Eight core English cities including my own have now signed City Deals to boost their economies. Work is already underway on putting the deals into practice, but there are many ways we can strengthen and build on what has been achieved so far.
The low carbon emphasis of the deals, for example, would be be much stronger if a number of things were to change:
- The Department of Energy & Climate Change needs to co-design the ideas and the shaping of the deals – they can do this through earlier engagement. Their role is key, because so much of the money in the system is a product of their policies and how revenue is generated, ultimately from consumers.
- It’s not just DECC! There are many government departments whom have influence over this agenda. Some of them, such as Treasury and the Department for Transport, have been involved but we need active engagement from DEFRA and CLG too.
- Policy stability. DECC is 4 years old now and we need some policy stability so that we can plan longer term. We cannot afford another about-face as we experienced with the feed in tariff.
If we manage to achieve this, there is a strong belief that not only can cities benefit from taking control on this, but we are extremely well placed to help Government deliver several of its key environmental strategies:
- Heat Strategy – this will be launched in March this year and will almost certainly recognise the important enabling role local authorities will play in delivering new heat networks in urban areas
- Green Deal – Ed Davey has made it very clear that local authorities will have a key role to play in building the market for the Green Deal. We believe that starts with the Energy Company Obligation (ECO) across social and private sector housing.
- Adaptation to climate change – anticipated for summer 2013, the national adaptation plan will be published and will almost certainly have a clear ask of local government and, in particular, cities.
Making it happen
The opportunity here is for the City Deals to embrace the needs of the cities and deliver the priorities government has identified. Remember, the eight ‘Core Cities’ have been actively involved in the shaping of these three policies and we share Government’s ambition to deliver all of this.

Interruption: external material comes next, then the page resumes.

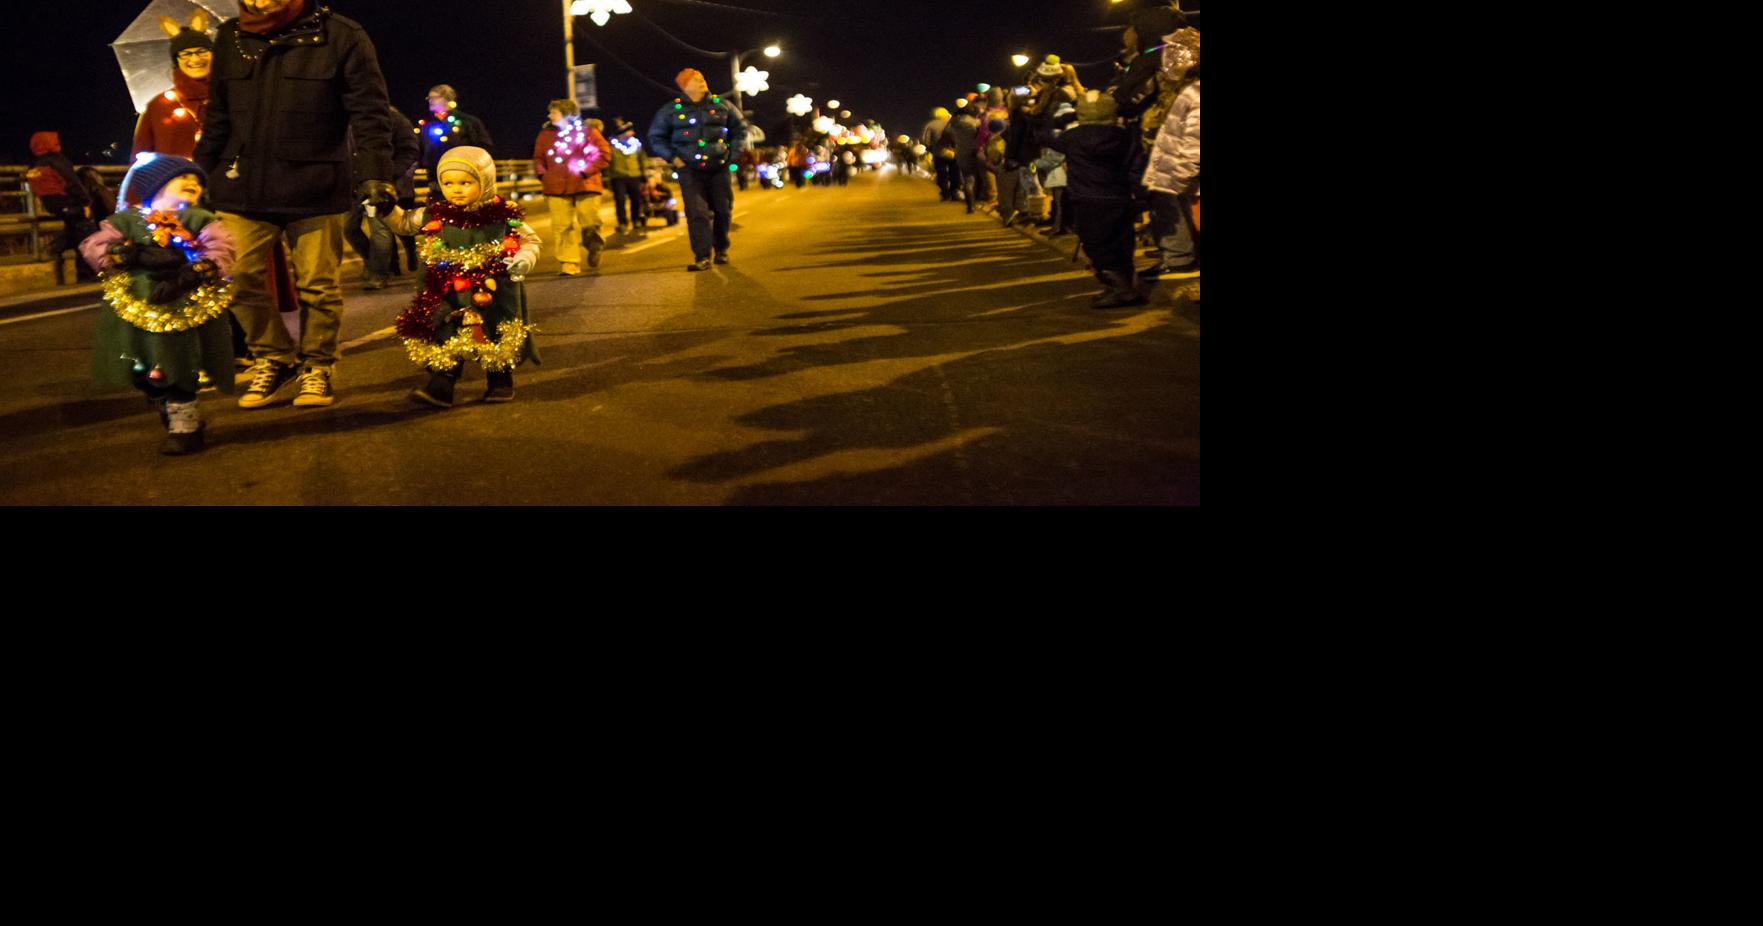 Missoula kicks off holiday season with Parade of Lights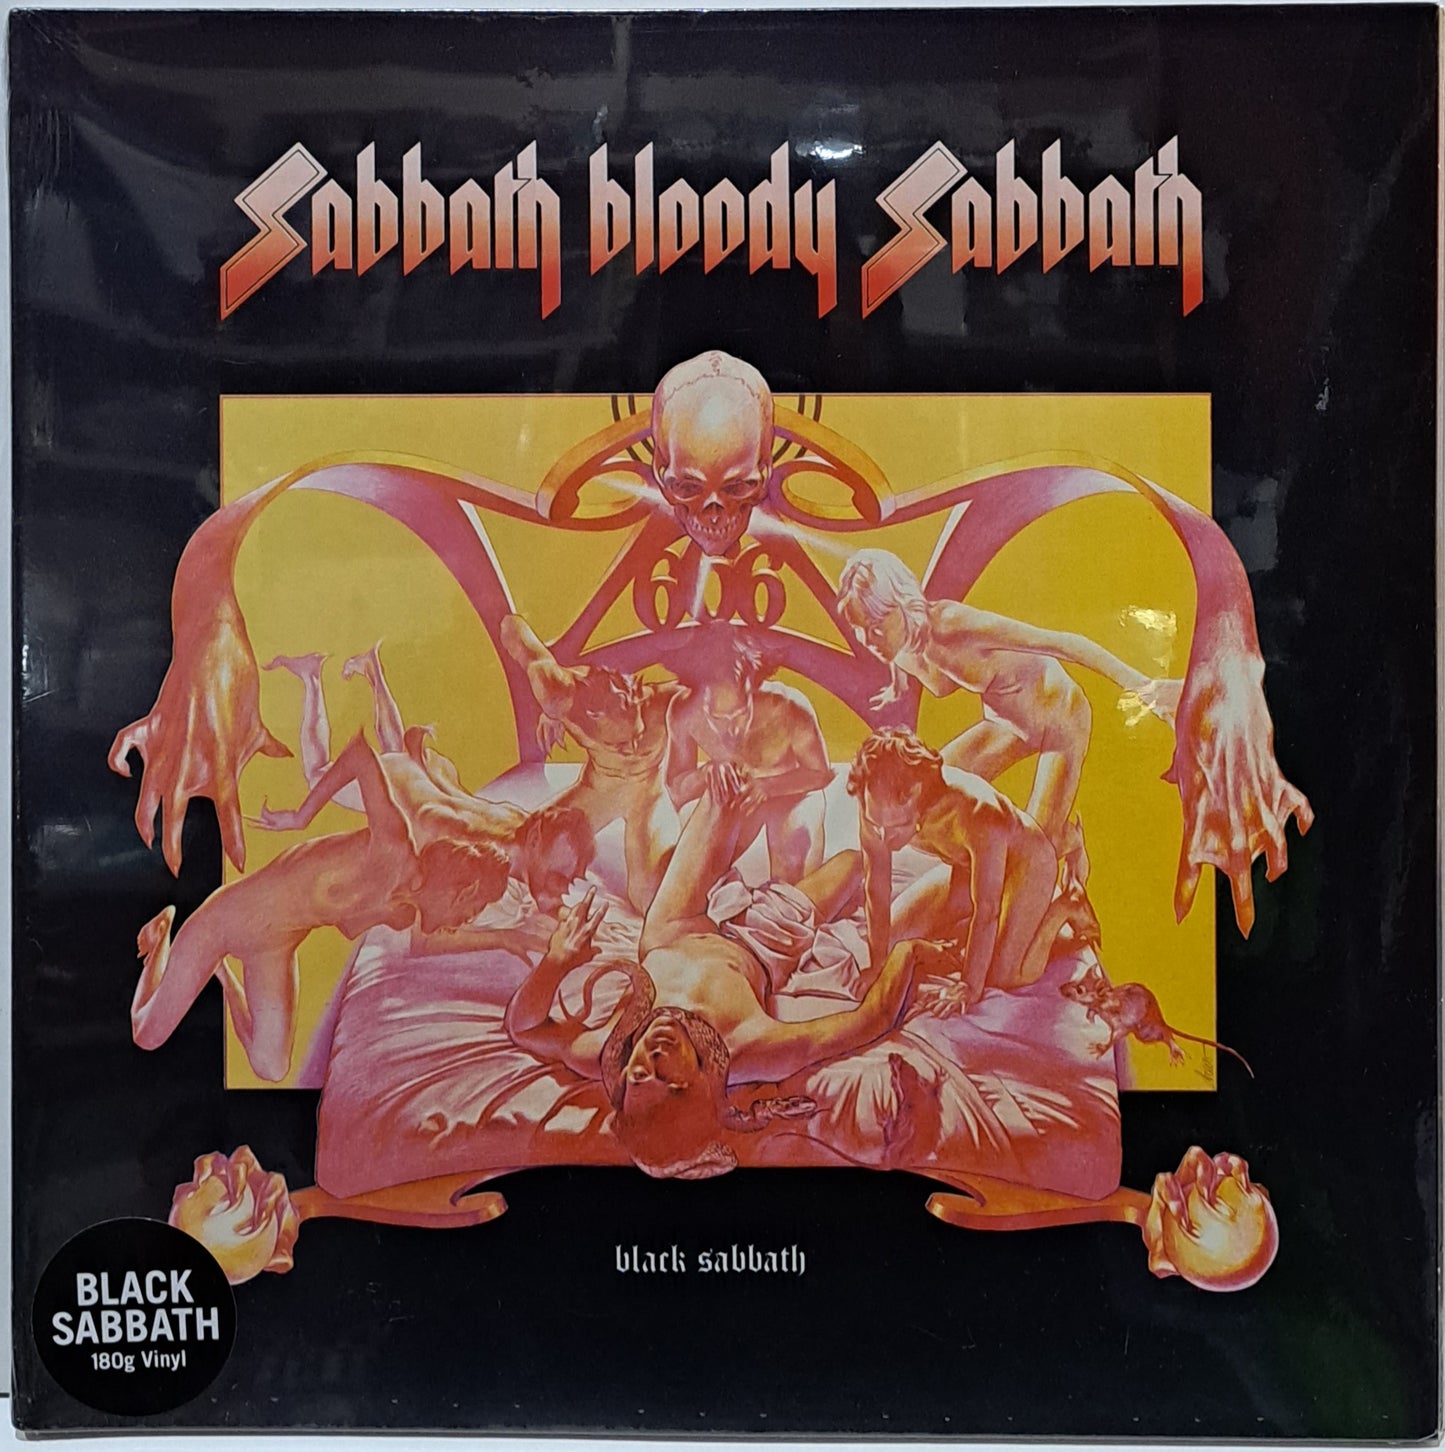 BLACK SABBATH - SABBATH BLOODY SABBATH  LP

Having set out these ideas what might we need to deliver them? Inevitably it’s finance and long term thinking. For example, heat networks can be developed more quickly and strategically with the local authority having a stake in their success. Cities like Sheffield and Nottingham, which have the largest heat networks in the UK, are leading the way but each of the Core Cities is developing its plans. But we need to find ways of making these plans bigger, more cost effective and lower carbon – moving from natural gas to alternatives such as biogas, biomass, synthetic gas and geothermal.
Innovation is good, but incurs costs and risks – so how can re-incentivise innovation? One of our early ideas is that local authorities could retain 100% of business rates on low carbon heat generation and distribution (rather than 50%, with the rest going to the Treasury). This could encourage local authorities to take the lead and help to create a localised, circular economy, retaining value in the urban areas and communities they are developed in and helping to generate new income streams for further investment.
We now watch as the second wave of city deals are shaped, and learnings from all 28 cities in the process can be shared. These aren’t one-off deals, but an on-going process that needs to be adequately resourced both by cities, their city regions and government. I believe this mechanism can be a positive way of agreeing how local, city-region and national priorities can be delivered, and this remains a central component of the Core Cities work programme.